4.Computed tomografia (TC) A TC pode mostrar a dilatação da aorta doente e encontrar melhor a calcificação intimal na aorta do que a película simples de raios X. Se a íntima calcificada for deslocada centralmente sugere coarctação da aorta, se for deslocada perifericamente sugere um simples aneurisma da aorta.
5.Magnetic ressonância magnética (RM) A RM é semelhante à TC, mas em comparação com a TC, pode ser multidireccional e multiparamétrica em posições transaxial, sagital, coronal e oblíqua anterior esquerda, e pode observar o tipo e extensão das lesões e alterações anatómicas sem o uso de contraste.
6.Digital angiografia de subtracção (DSA) A DSA intravenosa menos invasiva pode basicamente substituir a arteriografia normal no diagnóstico da coarctação da aorta tipo B.

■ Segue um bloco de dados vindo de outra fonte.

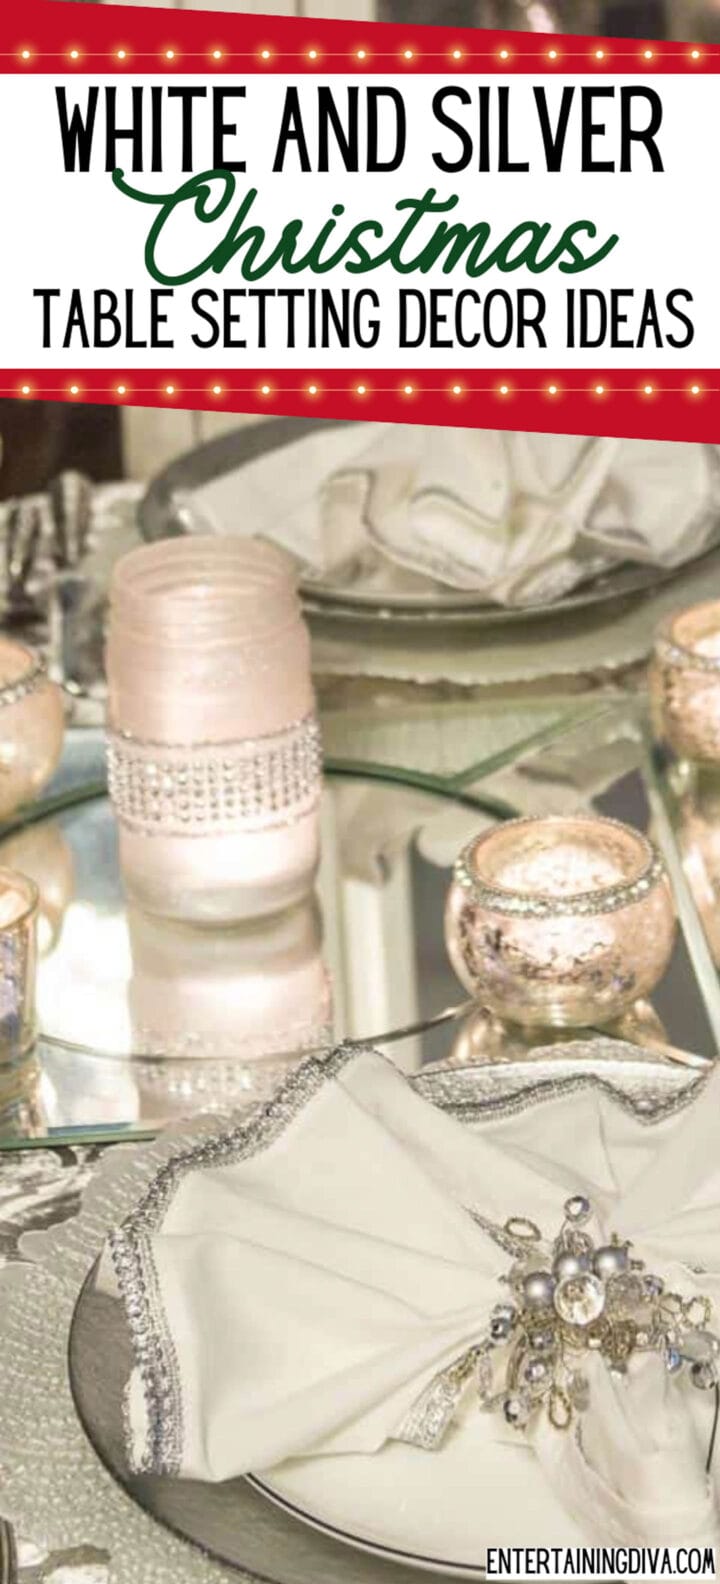 White and Silver Winter Table Setting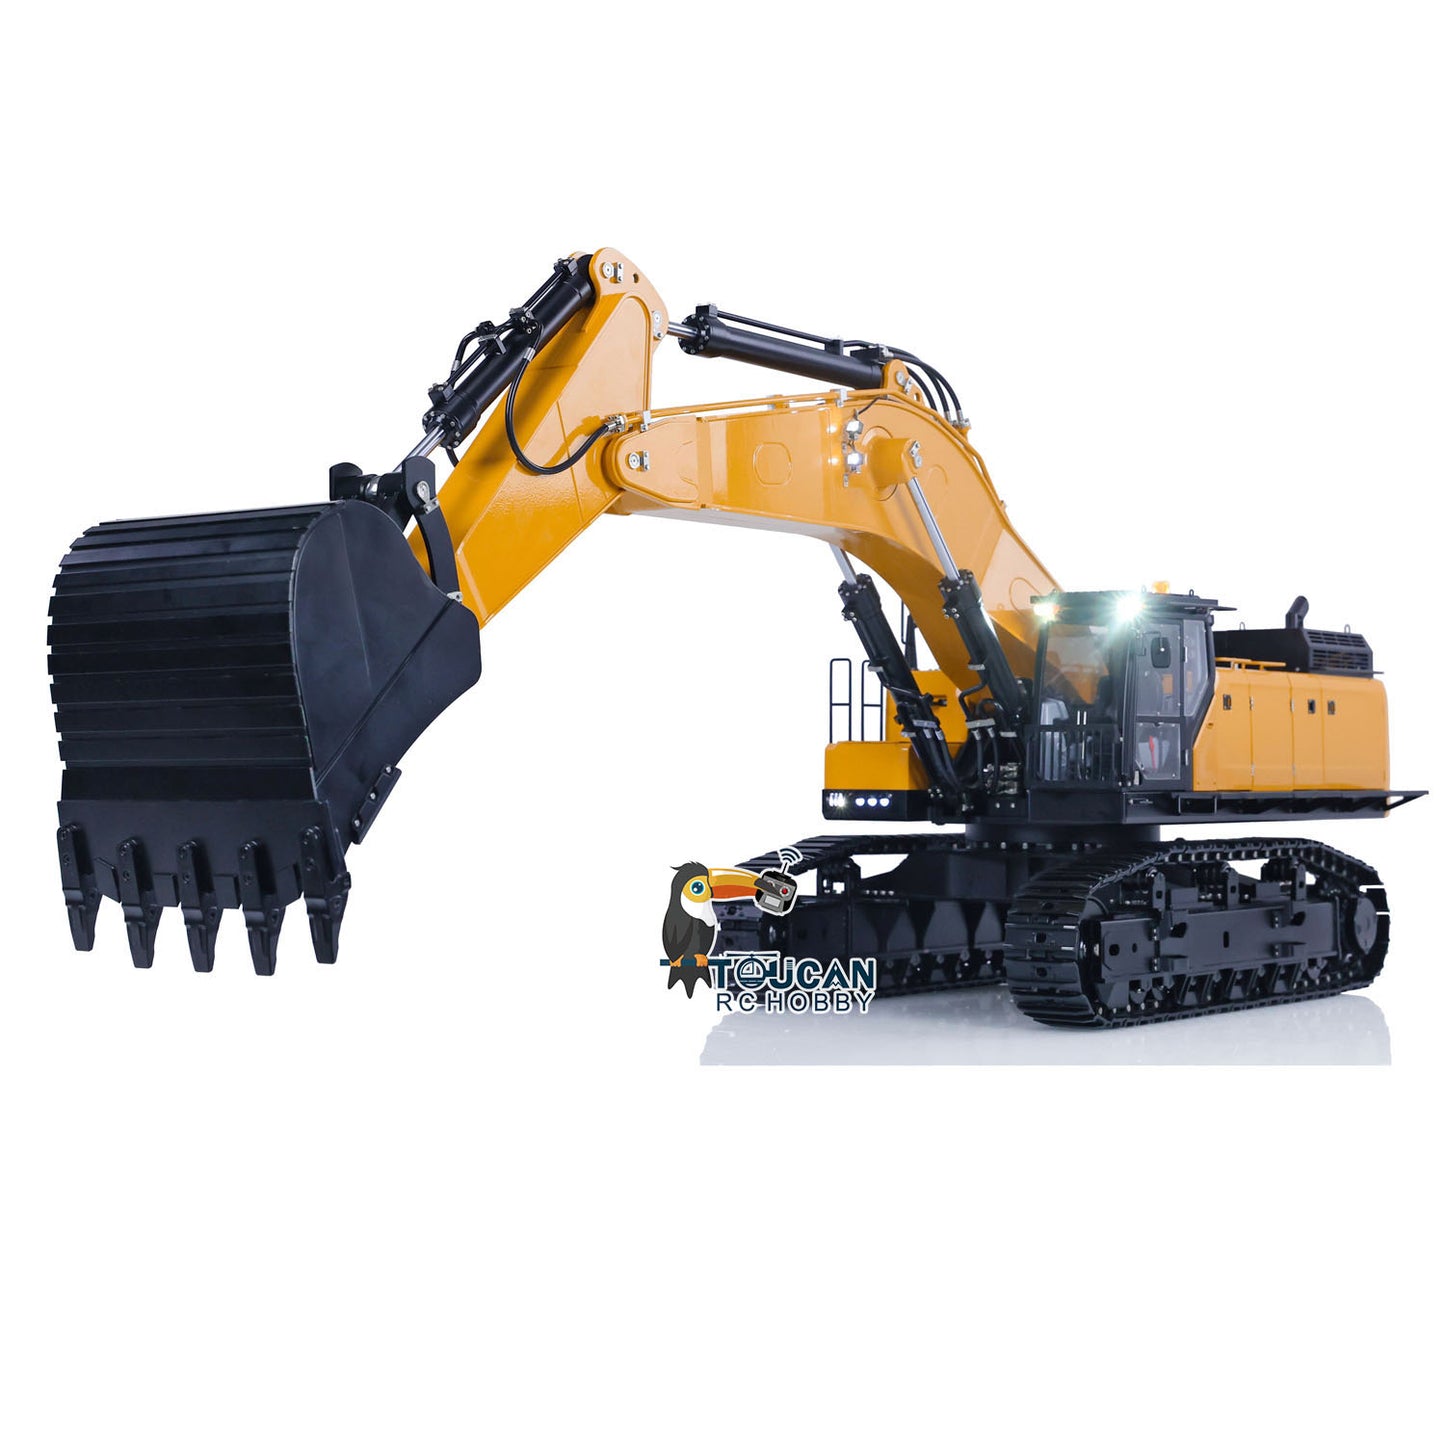 In Stock Kabolite K980 1/14 Hydraulic RC Excavator SY980H Giant PL18 Radio Control Digger Construction Vehicle DIY Emulated Car Toy

7.Aortography Actualmente, a intubação retrógrada da aorta é o método mais comum utilizado. A maior vantagem é que pode confirmar a entrada e saída da laceração endotelial, clarificar o envolvimento dos ramos da aorta e estimar a gravidade da insuficiência da válvula aórtica, etc. A maioria dos cirurgiões ainda considera a aortografia como essencial para estabelecer o diagnóstico e planear a cirurgia.
8. análises de sangue e urina A contagem de glóbulos brancos aumenta frequentemente rapidamente. A anemia hemolítica e a icterícia podem estar presentes. Os eritrócitos podem estar presentes na urina e mesmo hematúria a olho nu.